Will a bulk server upgrade operation, when stopped, bear an impact on servers upgrade for all including servers in the operation?	Control Center Director handles a bulk server upgrade process in batches. Batch upgrade groups servers together so that Control Center Director can execute upgrade operations in parallel. If an error occurs during the upgrade process Control Center Director will continue to process remaining upgrade operations in the batch. Batch size is set to 25 servers by default and can be modified by the Administrator. Edit the `batch-size` property in `DeploymentService.xml` available at: conf/services/system. `stopEngine/runEngine` utility for changes to come into effect.

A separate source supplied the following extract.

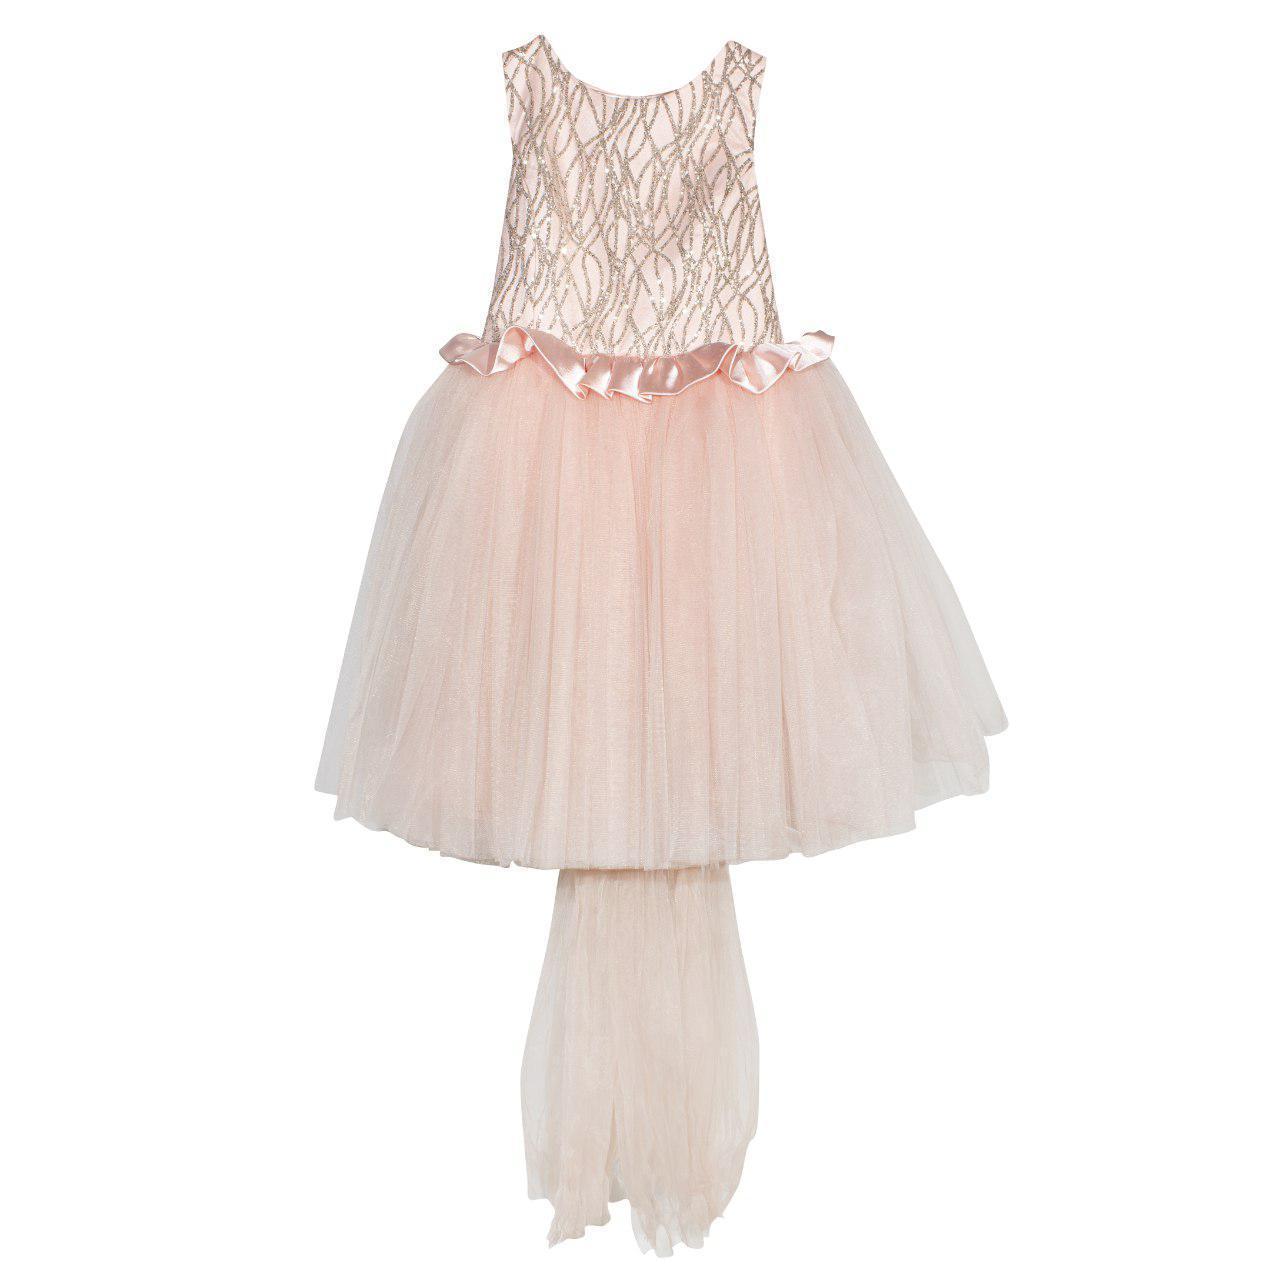 Нарядне плаття для дівчинки, розмір 3, 4, 5, 6 років

Some servers under Failed Category in Job details view show up as Suspended by System.	This occurs is when a server was not upgraded due to multiple failure during a bulk upgrade process When an error occurs during bulk upgrade process, Control Center Director will continue to process remaining upgrade operations provided it meets the failure percentage threshold set. For example, for a batch size of 30 servers, if 15 jobs fail (50%) server status is displayed as `Suspended by System`. Failure percentage is set to 40% by default and can be modified by the Administrator. Edit the `failurePercentage` property in `DeploymentService.xml` available at:conf/services/system. `stopEngine/runEngine` utility for changes to come into effect.
Server upgrade Job scheduled returns the following error: `Job marked failed as OSA from Agent not received.`	Control Center Director is set to poll Agent and wait for any response for up to 3600 seconds (default) to verify if the upgrade request is being processed. When this threshold is exceeded the Job is marked as failed with error: `Job marked failed as OSA from Agent not received`. To modify the interval edit `lastOSARecivedTimeDifferenceInSecToMarkJobFailed` property in `DeploymentService.xml` available at:conf/services/system. `stopEngine/runEngine` utility for changes to come into effect.
Is Agent polling interval by ICC Director Engine configurable?	Control Center Director Engine is set to make 3 attempts every 60 seconds to poll Agent to verify Agent activity. To modify the polling interval and number of attempts edit the following parameters in `DeploymentService.xml` available at:conf/services/system: `AgentRestCallMaxNumberOfTime` `timeBeforeNextRestCallInSec` `stopEngine/runEngine` utility for changes to come into effect. Note: Configuring Agent polling interval only applies to servers that are configured to be auto-discovered by Control Center Director.